A vast increase in drug candidates with multiple chiral centers is posing a significant challenge to analysts with the traditional chiral high performance liquid chromatography (HPLC) methods requiring a gruelling development process and still not guaranteeing a sufficient resolution for all stereoisomers. However, the precise and accurate analysis of all stereoisomers is essential as despite having the same chemical composition and connectivity, chiral stereoisomers can present vastly different pharmacological properties such as increased toxicity, differing pharmacokinetics, or even a different metabolic process.

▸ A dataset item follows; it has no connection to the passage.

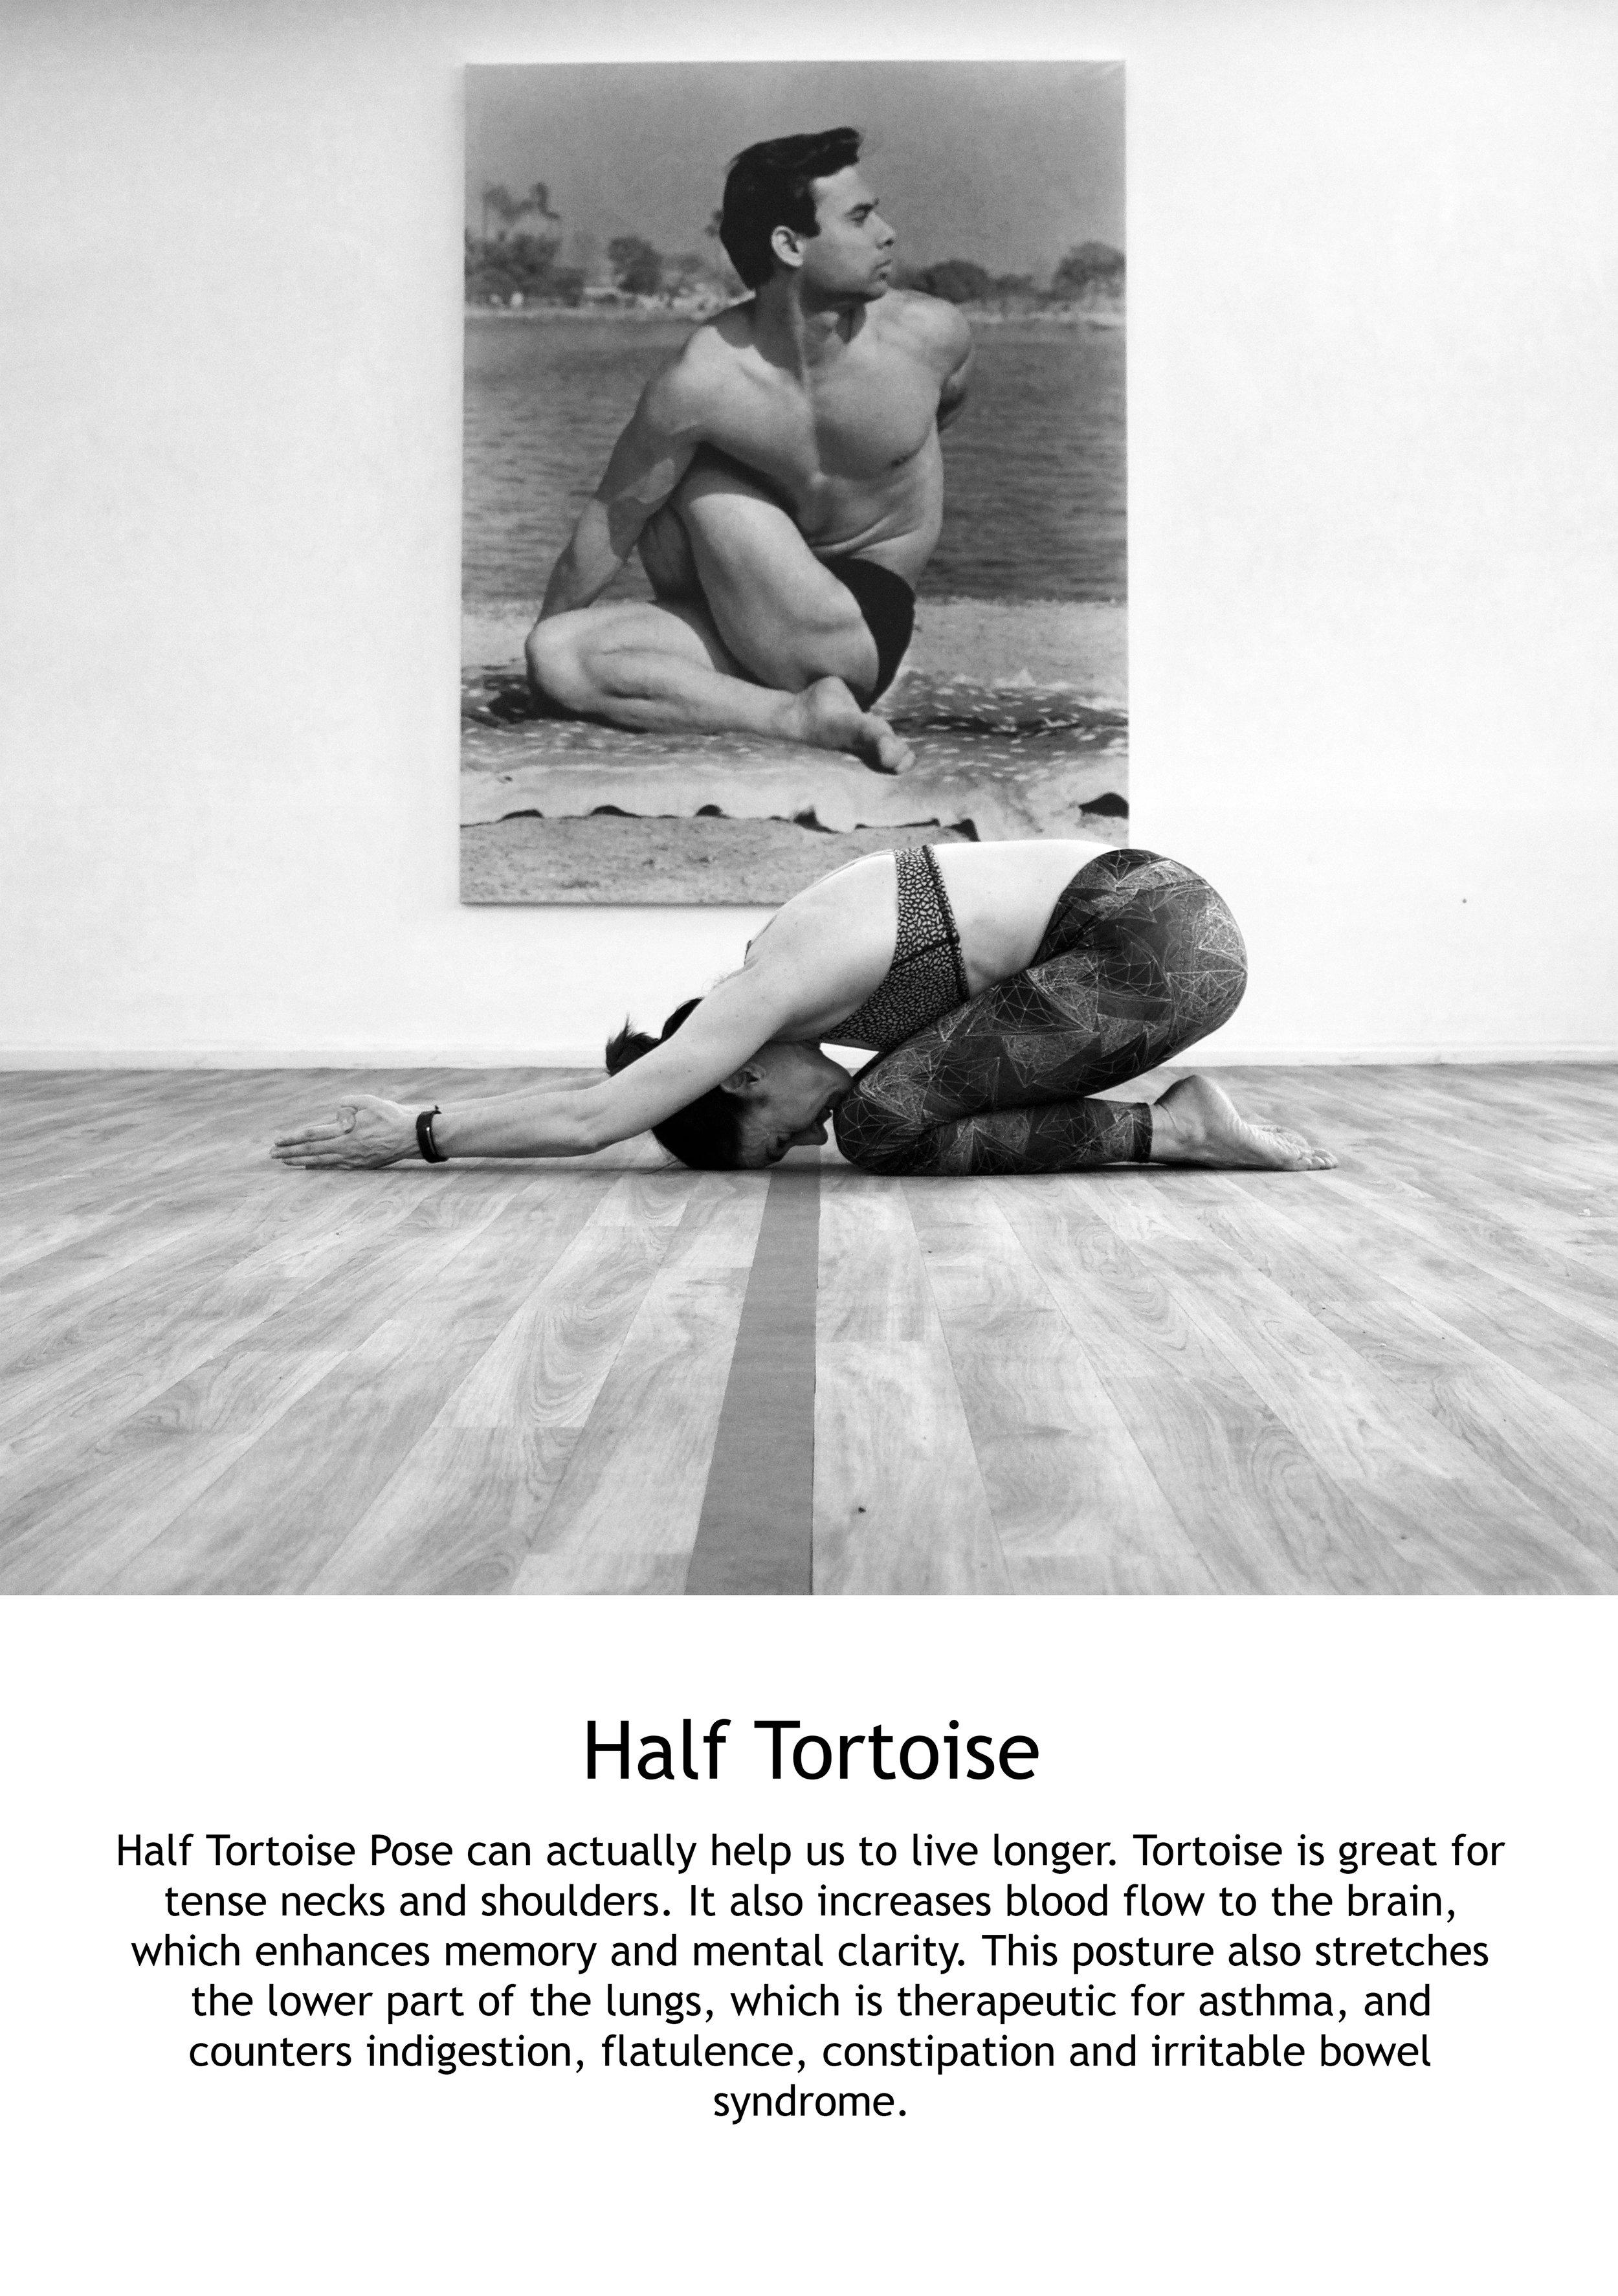 Half Tortoise

It is therefore essential that all stereoisomers of a drug compound are analysed and controlled to ensure the safety of those taking the medicines. To address this issue, researchers developed a LC–mLC 2D-LC approach which used multiple chiral stationary phases and mobile phases in the second dimension to resolve stereoisomers of compounds with multiple chiral centers and the related achiral impurities. The first dimension consists of a short achiral HPLC method to separate diastereomers and other achiral impurities, and the second dimension enables different chiral columns and different mobile phases to be used on each coeluted peak from the first dimension for maximum resolution. Essentially breaking down the complex multiple-chiral-center separations into simple individual separations.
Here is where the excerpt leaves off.